Rosyjski minister obrony narodowej Siergiej Szojgu uznał, że informacja stała się „kolejnym rodzajem broni, kolejnym elementem Sił Zbrojnych”. Ministerstwo obrony Litwy oficjalnie uznało operacje informacyjne przeciwko sektorowi energetycznemu za jedno z narzędzi destabilizowania sytuacji w Europie przez Rosję.
Celem tego rodzaju operacji są kraje zachodnie, w tym Litwa czy Polska. Mają doprowadzić społeczeństwa zachodnie do przekonania, że z uzależnieniem od surowców z Rosji nie opłaca się walczyć. To forma pacyfikacji na odcinku sektora energetycznego. Kanałami transmisyjnymi są rosyjska elita polityczna, rosyjska telewizja, ale także nowe media, w tym rozwinięte portale finansowane z Rosji jak regnum.ru czy rubaltic.ru. Mają one istotne oddziaływanie w państwach bałtyckich, gdzie funkcjonują liczne mniejszości rosyjskie, korzystające z tzw. Runetu, czyli rosyjskojęzycznej przestrzeni informacyjnej w sieci. Rosyjskie operacje informacyjne w przekonaniu ministerstwa obrony Litwy rozciągają się także na portale społecznościowe i serwis wideo YouTube. Są prowadzone podczas konferencji, wydarzeń kulturalnych, trafiają do gier i wystąpień osób mających wpływ na opinię publiczną.

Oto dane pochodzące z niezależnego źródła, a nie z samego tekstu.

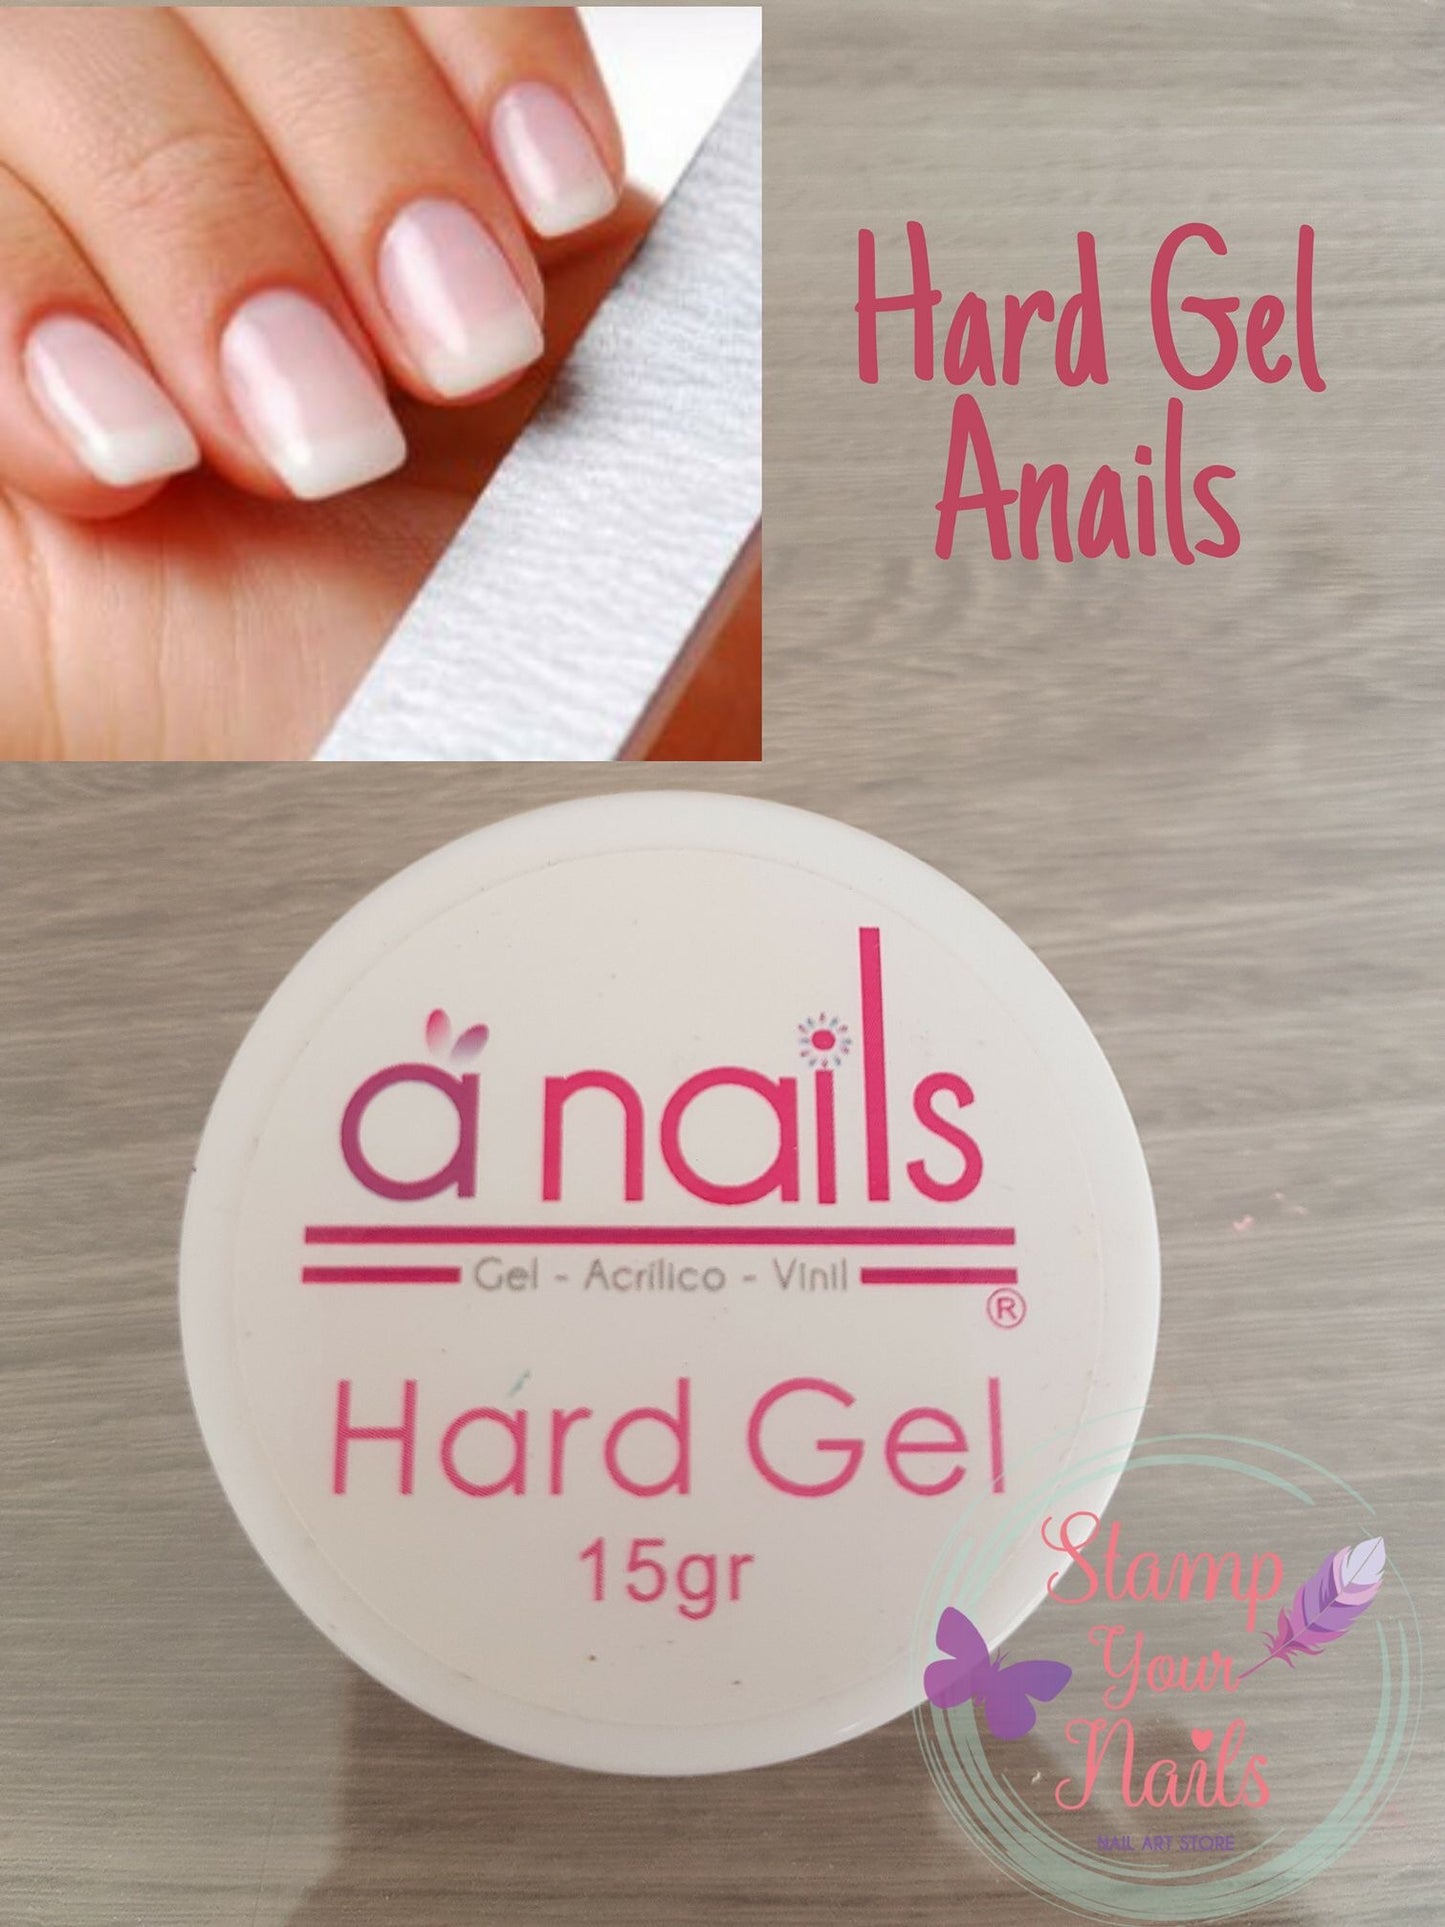 Hard gel - Stamp your nails

Według informacji przekazanych przez litewskie ministerstwo, telewizja Russia Today posiada obecnie 22 satelity nadawcze, ponad 230 operatorów nadajników. Przyciąga 644 mln widzów z ponad 100 krajów. Jest dostępna w trzech milionach pokojów hotelowych na całym świecie i posiada budżet sięgający 400 mln dolarów (2015). Nadaje po angielsku, arabsku, hiszpańsku, niemiecku, francusku i rosyjsku. Ma najwięcej wideo na YouTube ze wszystkich agencji prasowych na świecie. Z kolei rosyjski Sputnik to platforma multimedialna z własną stroną internetową, portalem informacyjnym i aktywnością w mediach społecznościowych i węzłach informacyjnych tworzonych specjalnie na potrzebę dalszego kolportażu treści. Działa w 30 językach, jest obecny w 34 krajach i 130 miastach. Nadaje około 800 godzin radiowych dziennie. Rosjanie uruchamiają także kanały informacyjne po rosyjsku. Litwini obserwują intensyfikację tych działań. W 2007 roku było to 79 godzin w tygodniu, w 2016 – 151, a w 2017 już 198.

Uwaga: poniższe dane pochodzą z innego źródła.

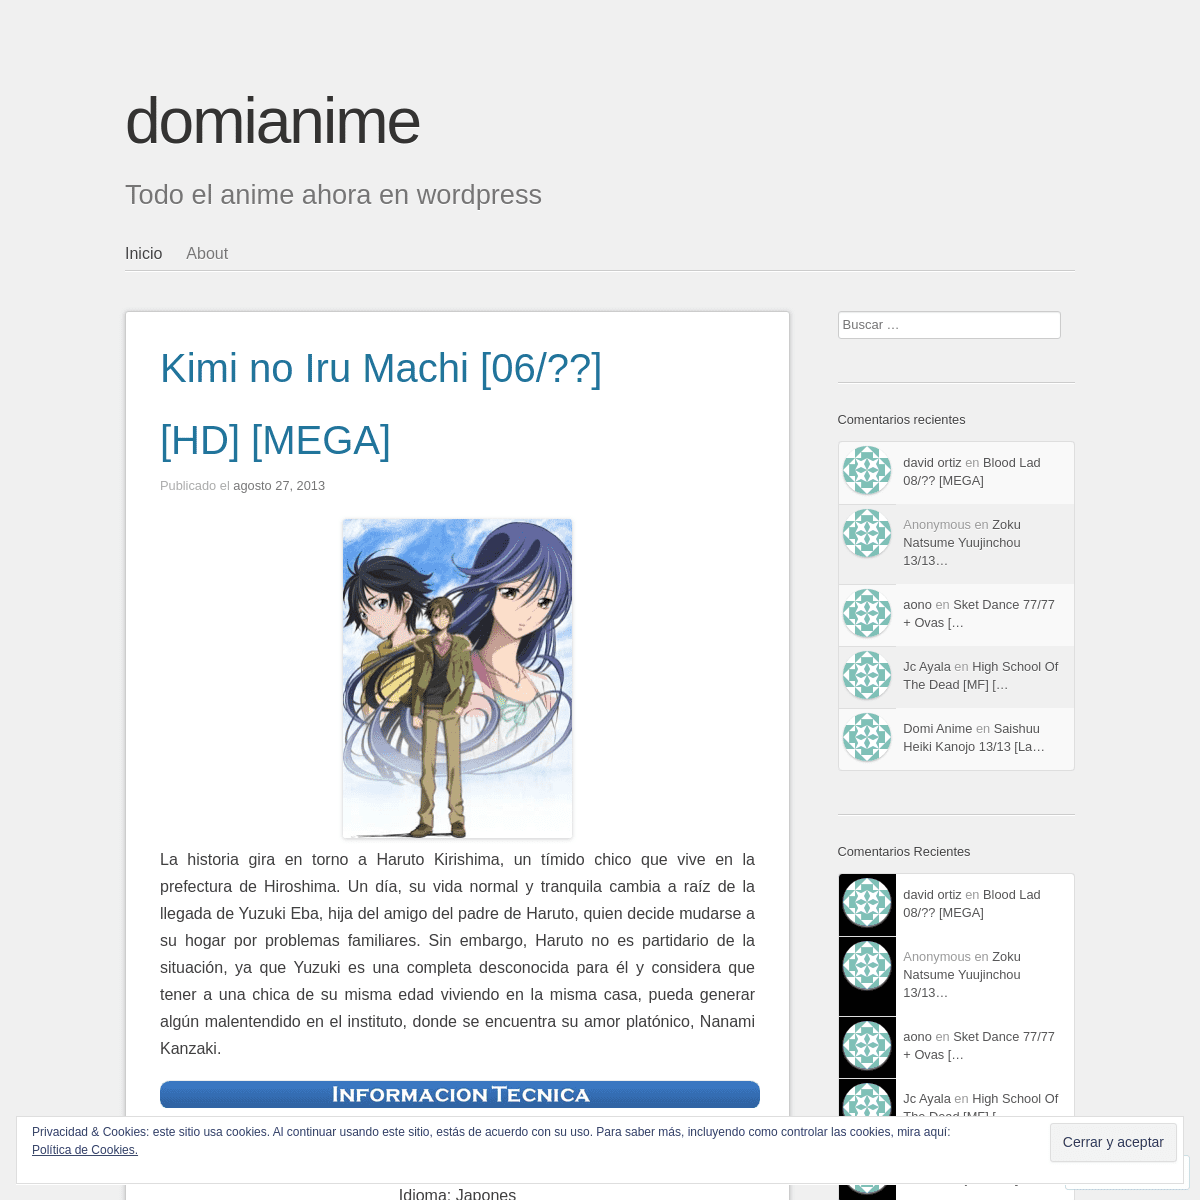 A complete backup of domianime.wordpress.com

Do kampanii informacyjnych wykorzystywana jest tak zwana fabryka trolli dogłębnie opisana w zachodnich mediach. W Petersburgu pracują etatowi komentatorzy, których zadaniem jest wpływanie na dyskusję w Internecie. Ich aktywność rośnie w korelacji z wydarzeniami międzynarodowymi istotnymi dla Rosji jak obecne ćwiczenia wojskowe Zapad 2017. Owocami działań są fałszywe informacje (tzw. Fake newsy). Prominentnym przykładem może być nieprawdziwa wypowiedź ministra obrony Litwy, który w okresie prac nad uruchomieniem inicjatywy Wschodniej Flanki miał stwierdzić, że Sojusz Północnoatlantycki nie daje bezpieczeństwa, ale jest zagrożeniem. Ta teza rozprzestrzeniła się w rosyjskojęzycznym Internecie na Litwie, by trafić do mediów społecznościowych i stać się legendą powtarzaną w debacie publicznej. Jednocześnie Rosjanie podejmują działania na rzecz wyciszenia prawdziwych informacji. Ministerstwo obrony Litwy informuje o zdiagnozowanych przypadkach ataków hakerskich, które blokowały działania na rzecz odkłamania faktów przeinaczonych w toku rosyjskich kampanii dezinformacyjnych, na przykład poprzez zablokowanie portali internetowych kluczowych instytucji.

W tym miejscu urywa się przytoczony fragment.